Мы только что закончили свои выступления и сидели у залитой солнцем задней стенки павильона. Желающих получить наши подписи на книгах не нашлось, притом что в зале было сотни четыре людей и они проводили нас дружными аплодисментами. Возможно, эта публика слишком стара, чтобы покупать книги, подумал я. Или чтобы таскать их с собой. Их средний возраст был не ниже шестидесяти пяти лет. Сделаем простой подсчет: четыреста умножить на шестьдесят пять. Получается двадцать шесть тысяч. То есть общее количество лет, прожитое этой публикой, сопоставимо со сроком существования нашего вида, Homo sapiens. И дальше будет только хуже. Когда-нибудь средний возраст участников литературных фестивалей достигнет ста лет, причем их численность вряд ли уменьшится, а то еще и возрастет. Эти фестивали прочно заняли свою нишу в календарях пенсионеров; осталось только приспособить фестивальную инфраструктуру под массовое применение инвалидных колясок, а также открыть здесь филиалы похоронных бюро. Тебя привозят на литературный фестиваль, ты с удовольствием аплодируешь неизвестному тебе писателю, ты тут же забываешь его-штрих-ее имя, благополучно не покупаешь его-штрих-ее книги, и тебя увозят прочь — может статься, ногами вперед. Примерно то же будет происходить и с писателями. Престарелый коллега по цеху, с которым я грелся на солнышке за павильоном, мог бы стать подходящим примером. Доживет ли он до конца этого фестиваля? И доживу ли я когда-нибудь до подобного состояния?

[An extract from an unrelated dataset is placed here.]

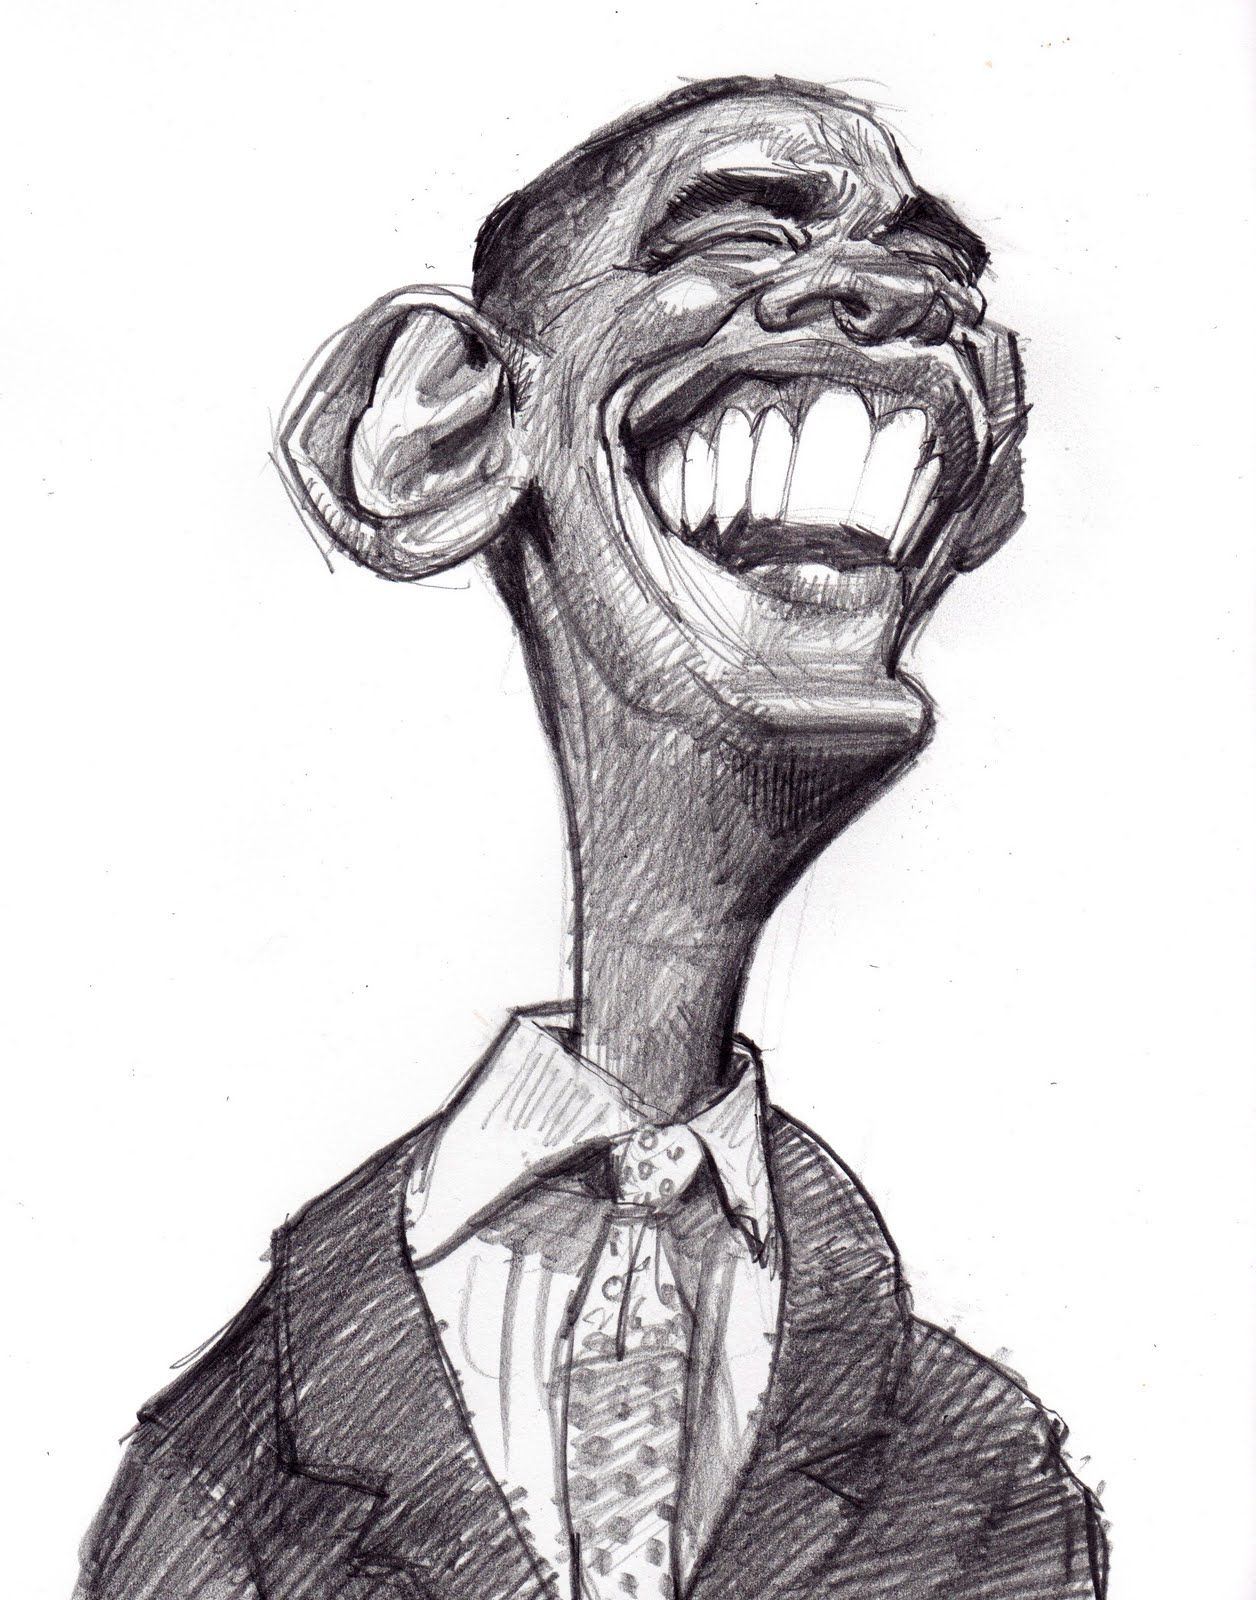 Сатирический образ рисунок 6 класс. Сатирический портрет Обама. Сатирический портрет Артура пирожкова. Сатирический портрет Милохина. Сатирические образы человека.

Какой-то — судя по виду, сбежавший из богадельни — фотограф щелкнул нас за беседой. Мы понимали, что этот снимок у него никто не купит, но все же приятно быть замеченными. На лужайке неподалеку малышня мусолила книжки-раскраски. Некоторые из моих друзей-писателей переключились на создание таких книжек, не видя иных способов прокормиться.

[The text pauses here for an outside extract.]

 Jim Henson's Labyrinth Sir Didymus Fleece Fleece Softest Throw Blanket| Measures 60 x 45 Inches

— Ориентируюсь на читательский спрос, ничего не поделаешь, — сказал мне один из них.

— Но раскрашивание — это не чтение, — возразил я.

— Все зависит от того, что ты понимаешь под «чтением», — сказал он.

С того дня всякий раз, пробегая взглядом по газетным некрологам, я боялся наткнуться на его имя.

— Солнышко, — блаженно молвил писатель-патриарх.

— Солнышко, — согласился я.

— А ведь оно угасает, вы знаете?

— Знаю, — сказал я.

— К счастью, я угасну раньше.

— Вам везет, — сказал я.

Должно быть, мы оба задремали на солнечном пригреве, так как я заметил вертолет лишь после его приземления в центре лужайки. Из кабины выбралась популярная телеведущая, придерживая рукой волосы, чтобы те не закрывали ее лицо от фотографов. Она только что выпустила бестселлер о девчонке из простой семьи, ставшей популярной телеведущей.

— Кто это? — спросил патриарх.

Я выложил ему все, что знал об этой женщине.

— Живи сам и дай жить другим, — заключил он.

Эта сентенция показалась мне не очень уместной в данном случае, однако я не стал спорить с дряхлым стариком, который наслаждался последними лучами также состарившегося и одряхлевшего светила.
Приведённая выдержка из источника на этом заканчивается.